Наследница огненных льдов
Шрифт:
А вот Эспину всё же пришлось идти на охоту, потому как мужчины тут же засуетились, похватали ружья, подпоясали парки и, несмотря на слабые отговорки, вывели Эспина из чума.
Я даже не успела ничего возразить. Что же теперь с ним будет? В случае опасности другие охотники ведь не дадут его в обиду? У них ведь тоже есть ружья, а Эспин, видимо, им нужен для храбрости. А вот если бы мы отправились в поход вместе с Мортеном Вистингом, я бы за Эспина совсем не переживала. Вистинг знает толк в охоте на медведя, он бы принял бой со зверем на себя. И почему уже в который раз я ловлю себя на мысли, что мне очень не хватает этого шпиона и предателя? Не к добру это.

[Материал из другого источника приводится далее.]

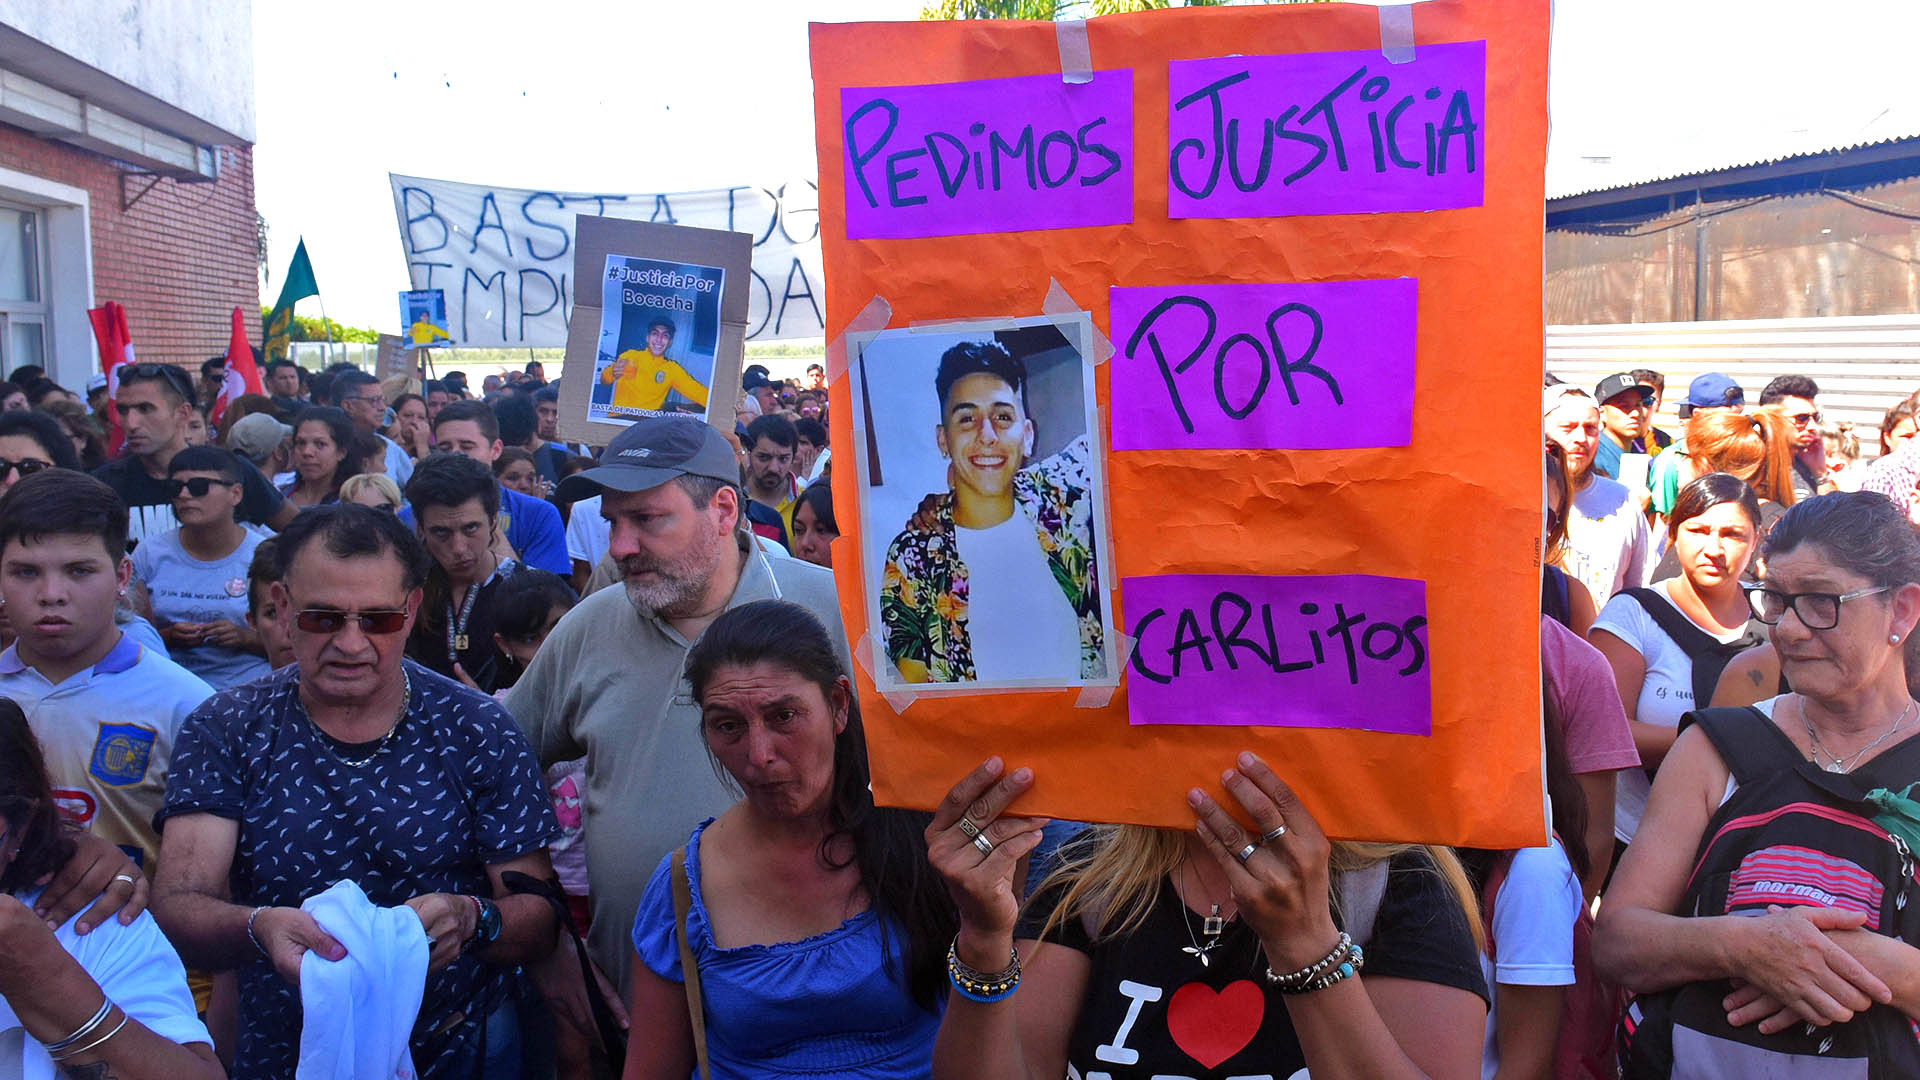 Relatives and friends of Carlos Orellano, the young man who was found dead yesterday in the Paraná River, demand justice in front of the Ming House River bowling alley.  (Photo: Sebastian Granata/telam/cgl)

Дабы скрасить ожидание, обитательницы чума стали накрывать столики и поочерёдно
Дабы как-то растянуть время и дать очередному угощению улечься в желудке, я решила отвлечь хозяек расспросами о кочевой жизни, и услышала много интересного.
Оказывается, в этом чуме обитает четыре семьи не от хорошей жизни. Чтобы установить четыре отдельных жилища, нужно выделать много оленьих шкур для внутреннего покрытия, а столько оленей у этих бедных семей отродясь не было. Да ещё и дикие звери постоянно покушаются на поголовье.
– Несчастные мы, – сетовала старая шаманка, – а всё оттого, что отвернулся от нас Хозяин оленей, когда Нуатувий разглядел его лицо.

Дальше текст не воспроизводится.